Evidenced Based Emergency Care

Oct 17, 2010 08:10

Last week at the start of the Caps first game the opposing goalie passed out on the ice with no one around.
It took over 5 minutes before medics moved the man. 5 MINUTES!!! Why did it take 5 minutes?!! From where I sat as an armchair medic it looked as if much of the delay was getting a board and a neck brace under the man.

Here's my gripe. The top 4 rule outs for someone toppling over for no good reason. Heart Attack, Stroke, Low Blood Pressure, Low Blood Sugar. In my expereience low blood sugar and low blood pressure aren't usually instantaneous. The person usually has a 5-10second warning time before they drop and often will try to let someone know. Low blood sugar is also so easily prevented that it just seemed silly for a proathlete to drop from it 3 minutes into a game.

Self care aside even if Heart Attack and Stroke are low on the list they are both on the list. Both are serious potentially fatal conditions that require access to hospital care within 30 minutes for the best chance of recovery. Take 5 minutes out of 30 to put someone on a body board just in case they broke their neck.... Not a good plan in my mind. We need well trained/conditoned medics but we also need thinking medics.
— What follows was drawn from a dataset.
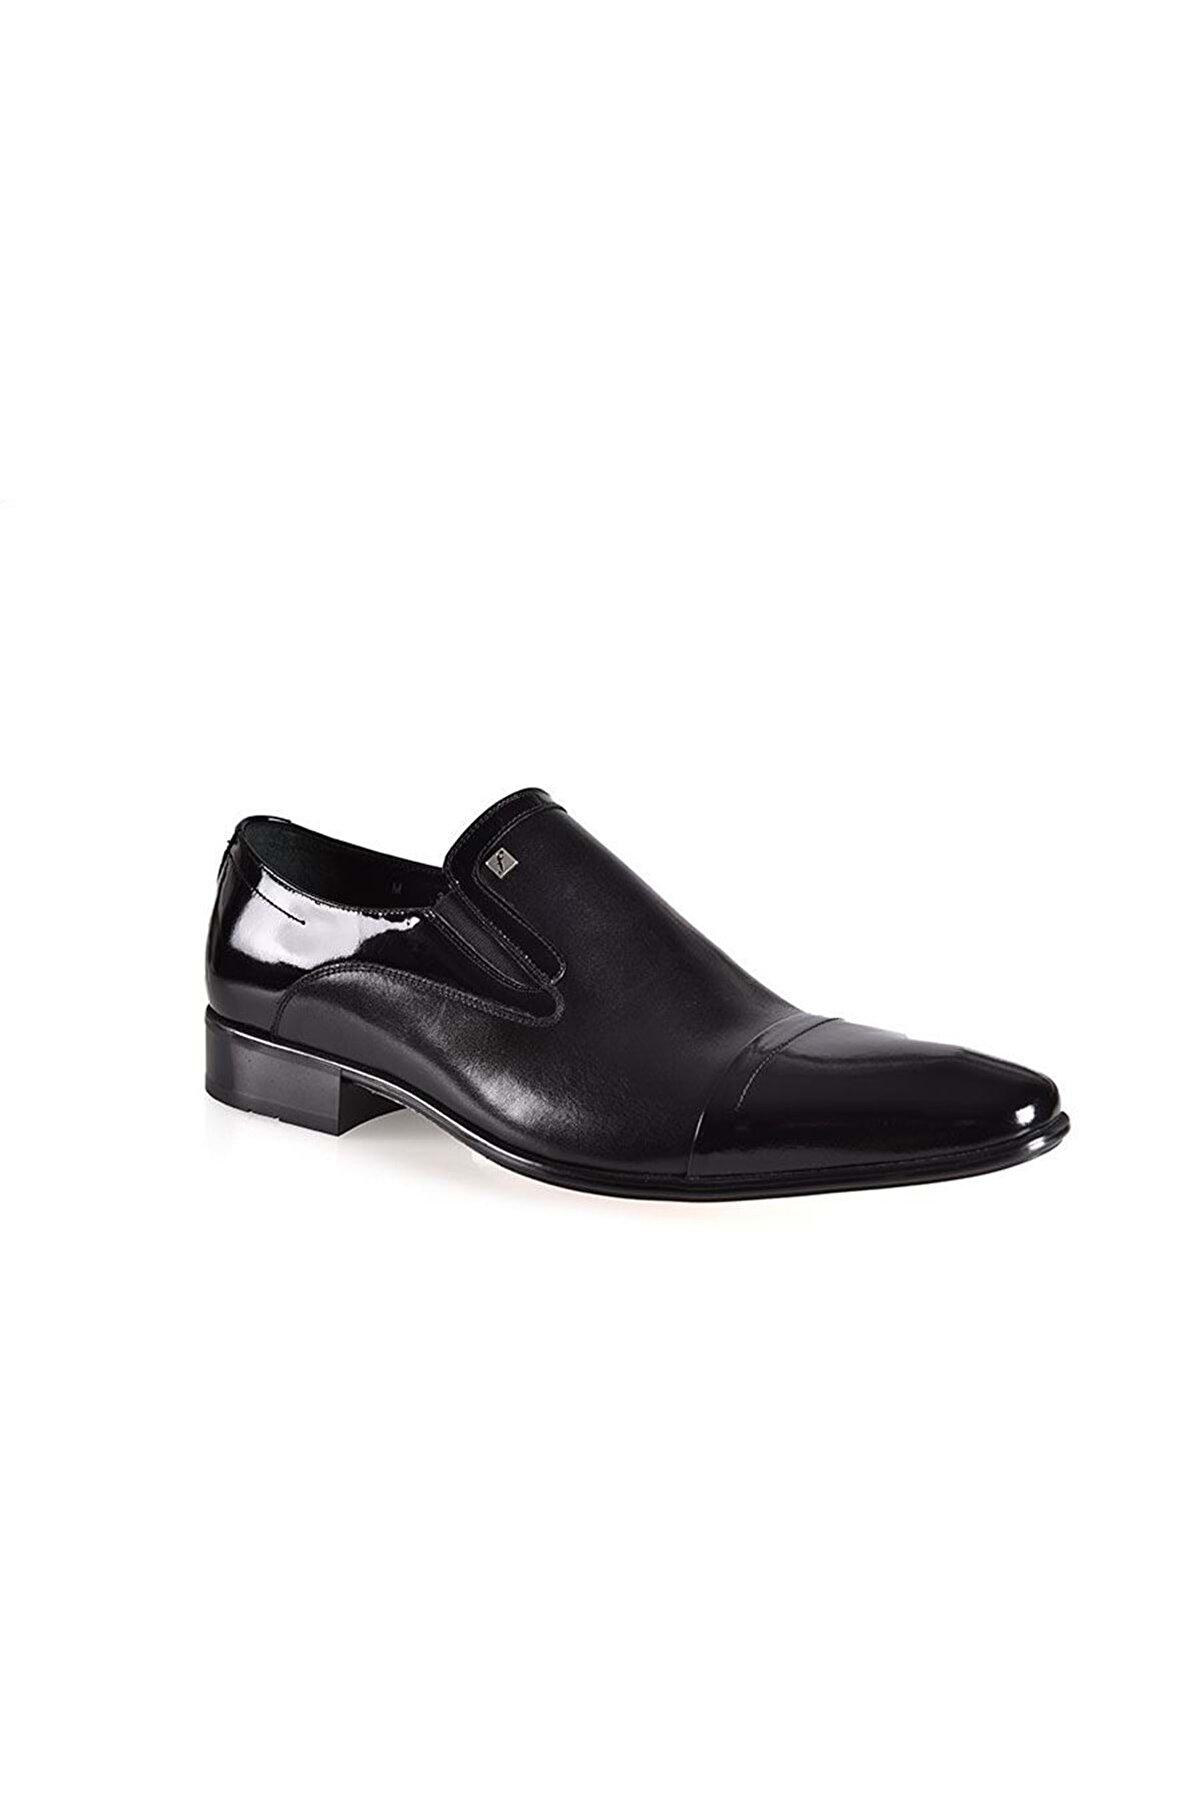 Fosco 3015-3 Erkek Günlük Ayakkabı - - Siyah-rugan - 43
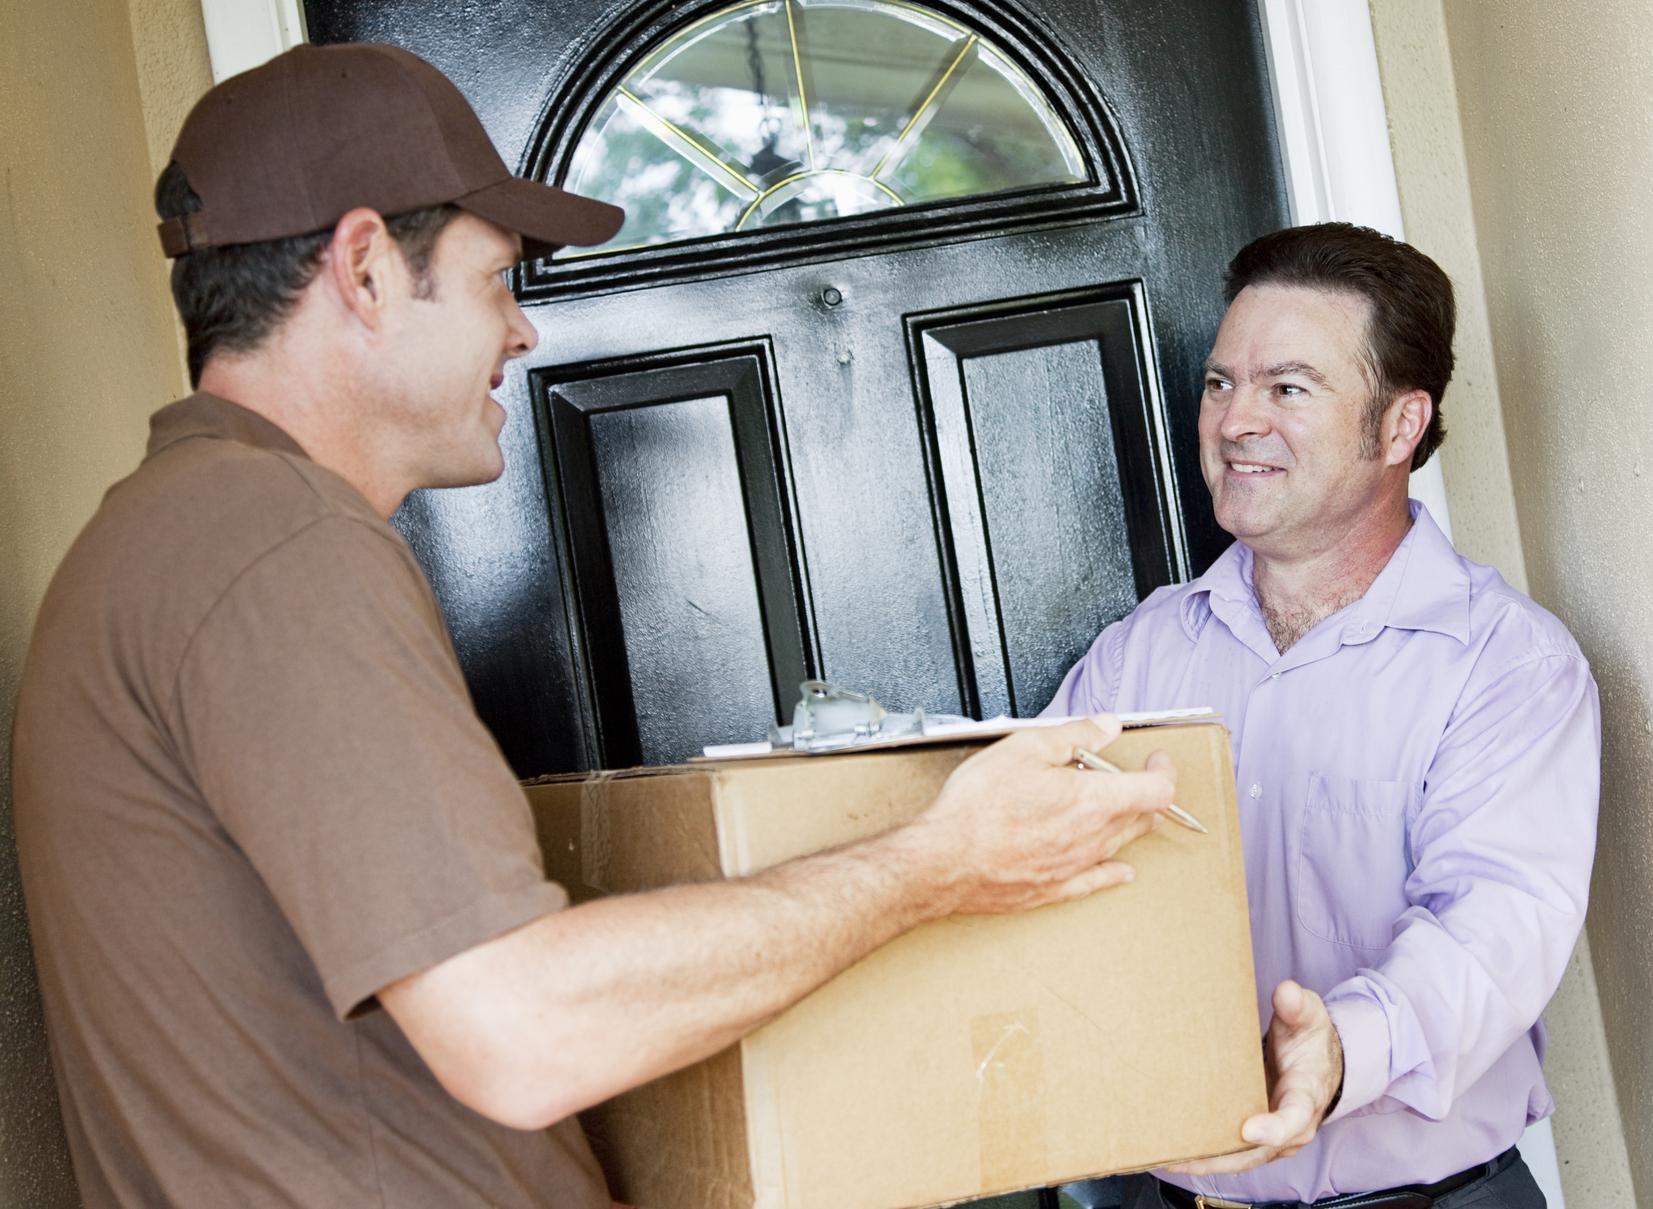 Zwrot towaru zakupionego przez Internet – kto ponosi koszty przesyłki?

So this morning's Wash. Post front page article about Medvacing in Afghanistan brought much happiness to me.
This is the quote that makes me smile:
Gone from their repertoire are difficult ot time-consuming manuevers such as routinely hanging bags of IV fluids. On the ground, medics no longer carry stethescopes or blood pressure cuffs. They are trained instead to evaluate a patient's status by observation and pulse, to tolerate abnormal vital signs such as low blood pressure, to let the patient postion himself if he's having trouble breathing - and above all to have a heightened awareness that too much medicine can endager the mission and still not save the patient.

The helicopter spent 3 minutes on the ground. 3 MINUTES to unload a medic and reload him and a patient. At the 5 minute mark at the Caps game the stretcher was just getting to the patient and they hadn't even got him moved yet. Hopefully soon in the very near future more EMTs can adopt the battlefield tactic. If their neck isn't broken (and if they weren't hit by a traumatic force why on earth would it be?) and they're not bleeding get them up, get them moving. You can do all the other crap on the fly in the ambulance. We've eliminated the R from CPR because someone finally realized it was crap. Could we please start looking into training for when a bodyboard/neck board is truly appropriate and when its not.

Oh and a lot of people would probably appreciate it if you wouldn't cut their clothes off when by the time you reach them they are conscious and offering to undress themselves. Just because you love your sharp scissors doesn't mean you did someone a favor by destroying their only winter jacket after they slipped on the ice.